* **ACTIVITY**: Without pictures, return the lines from the one containing "Đã có hẳn cẩm" through the last line of the data below, exactly.

* **PROVIDED DATA**:
____

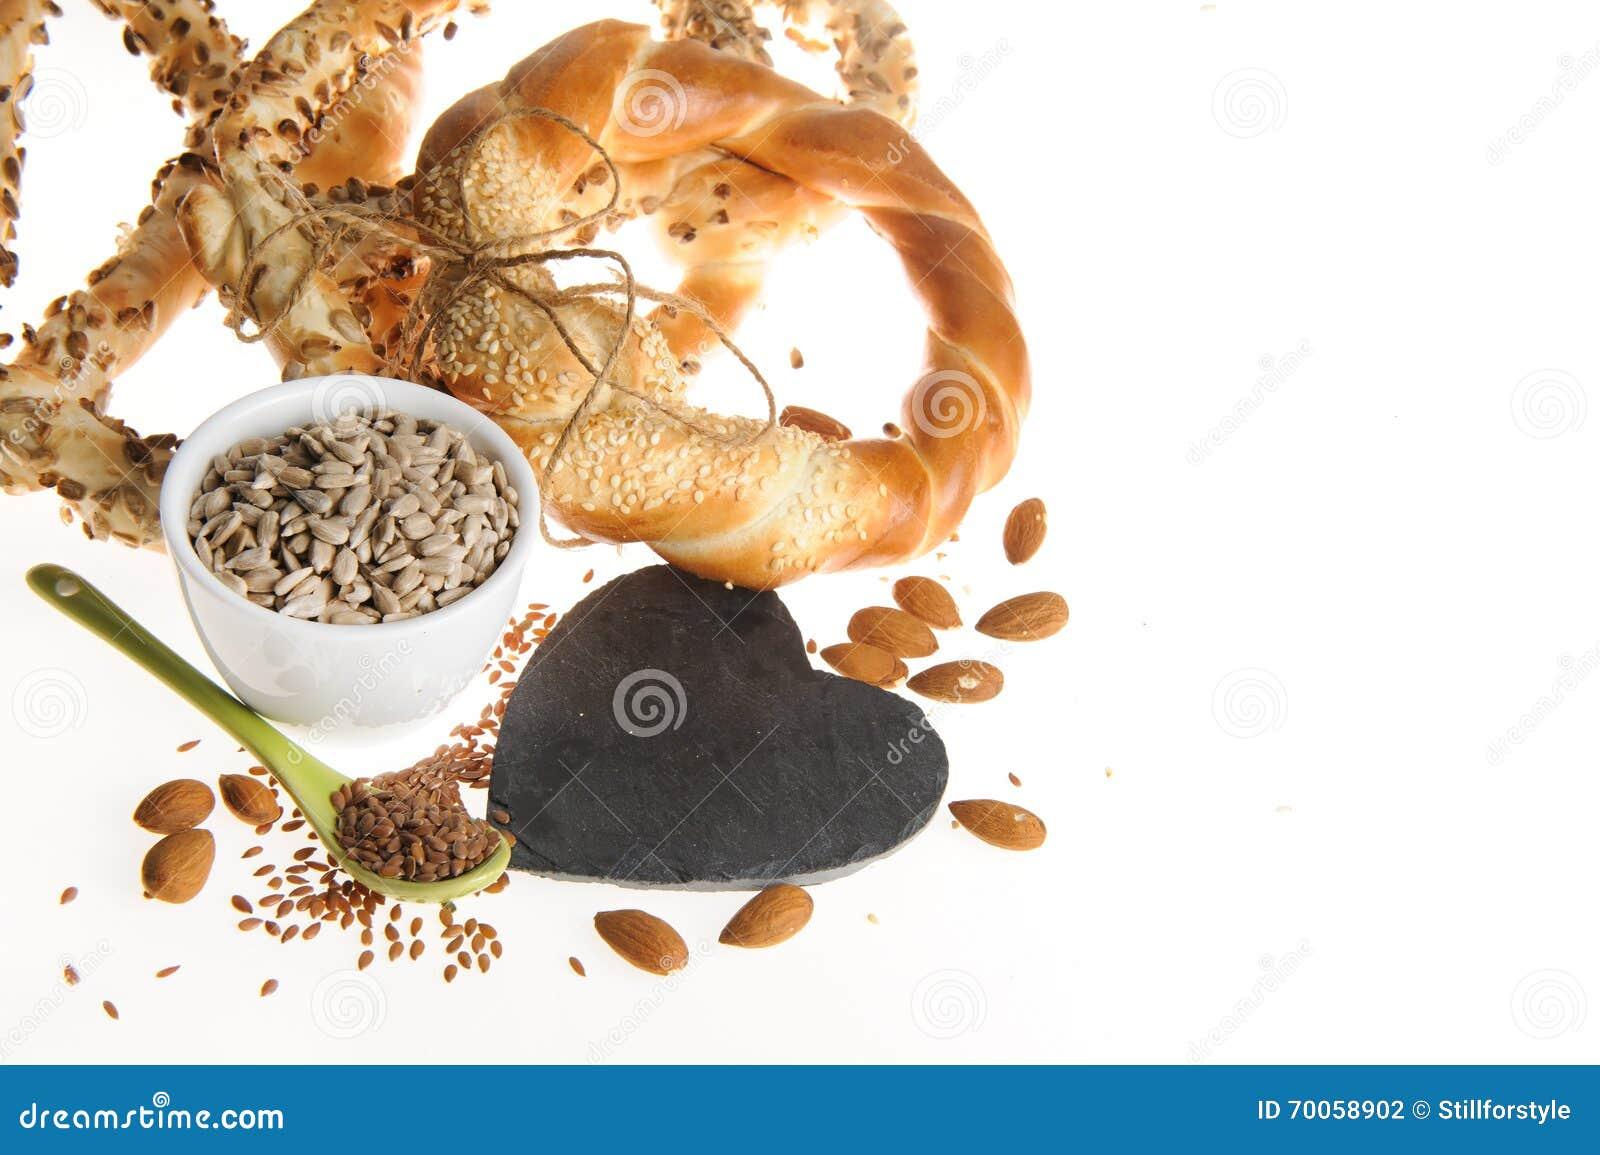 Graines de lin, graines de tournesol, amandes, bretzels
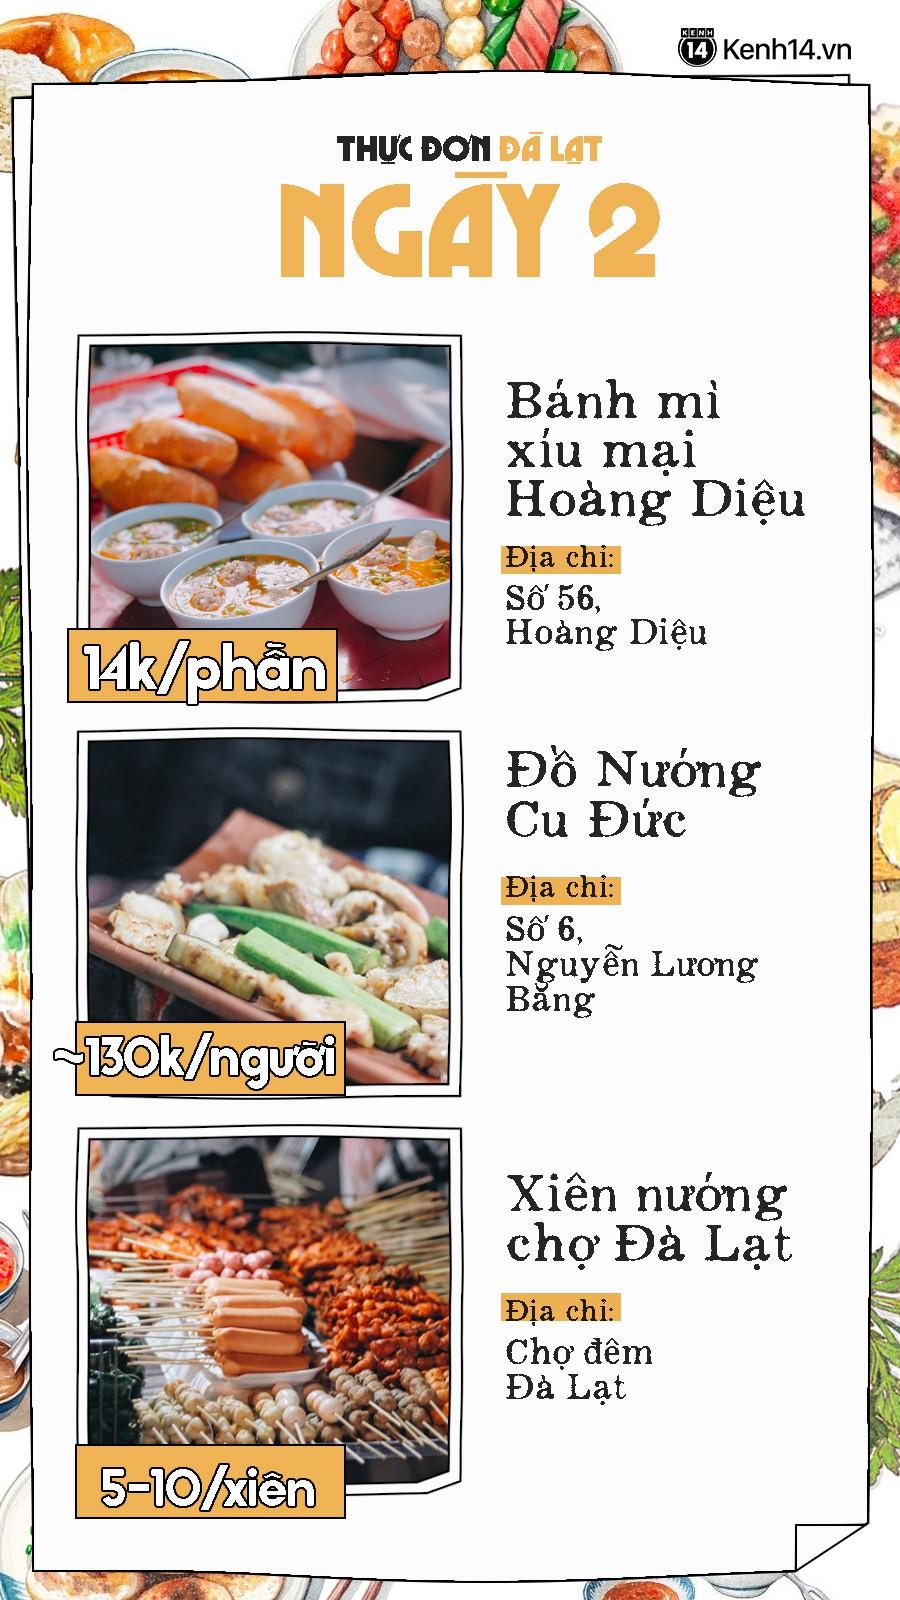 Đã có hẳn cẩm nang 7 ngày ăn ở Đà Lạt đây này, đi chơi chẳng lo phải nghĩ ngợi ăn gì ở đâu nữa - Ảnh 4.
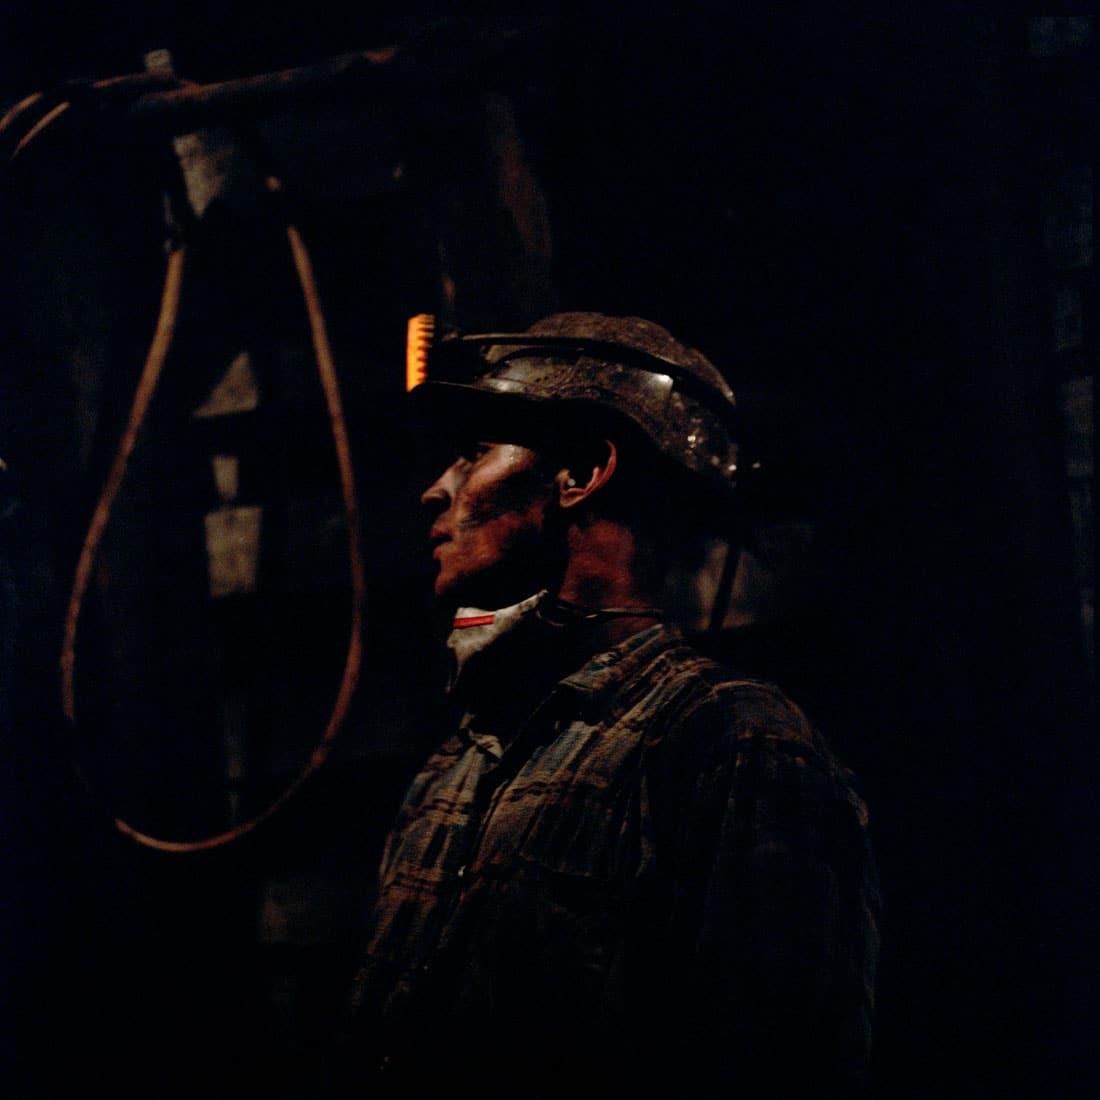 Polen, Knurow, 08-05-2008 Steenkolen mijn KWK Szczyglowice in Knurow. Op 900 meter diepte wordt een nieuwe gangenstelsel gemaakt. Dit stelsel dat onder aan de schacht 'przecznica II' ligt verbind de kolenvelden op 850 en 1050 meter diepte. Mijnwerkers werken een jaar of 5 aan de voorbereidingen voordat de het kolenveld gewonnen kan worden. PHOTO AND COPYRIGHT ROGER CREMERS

____

* **SOLUTION TO THIS TASK**:
 Đã có hẳn cẩm nang 7 ngày ăn ở Đà Lạt đây này, đi chơi chẳng lo phải nghĩ ngợi ăn gì ở đâu nữa - Ảnh 4.
 Polen, Knurow, 08-05-2008 Steenkolen mijn KWK Szczyglowice in Knurow. Op 900 meter diepte wordt een nieuwe gangenstelsel gemaakt. Dit stelsel dat onder aan de schacht 'przecznica II' ligt verbind de kolenvelden op 850 en 1050 meter diepte. Mijnwerkers werken een jaar of 5 aan de voorbereidingen voordat de het kolenveld gewonnen kan worden. PHOTO AND COPYRIGHT ROGER CREMERS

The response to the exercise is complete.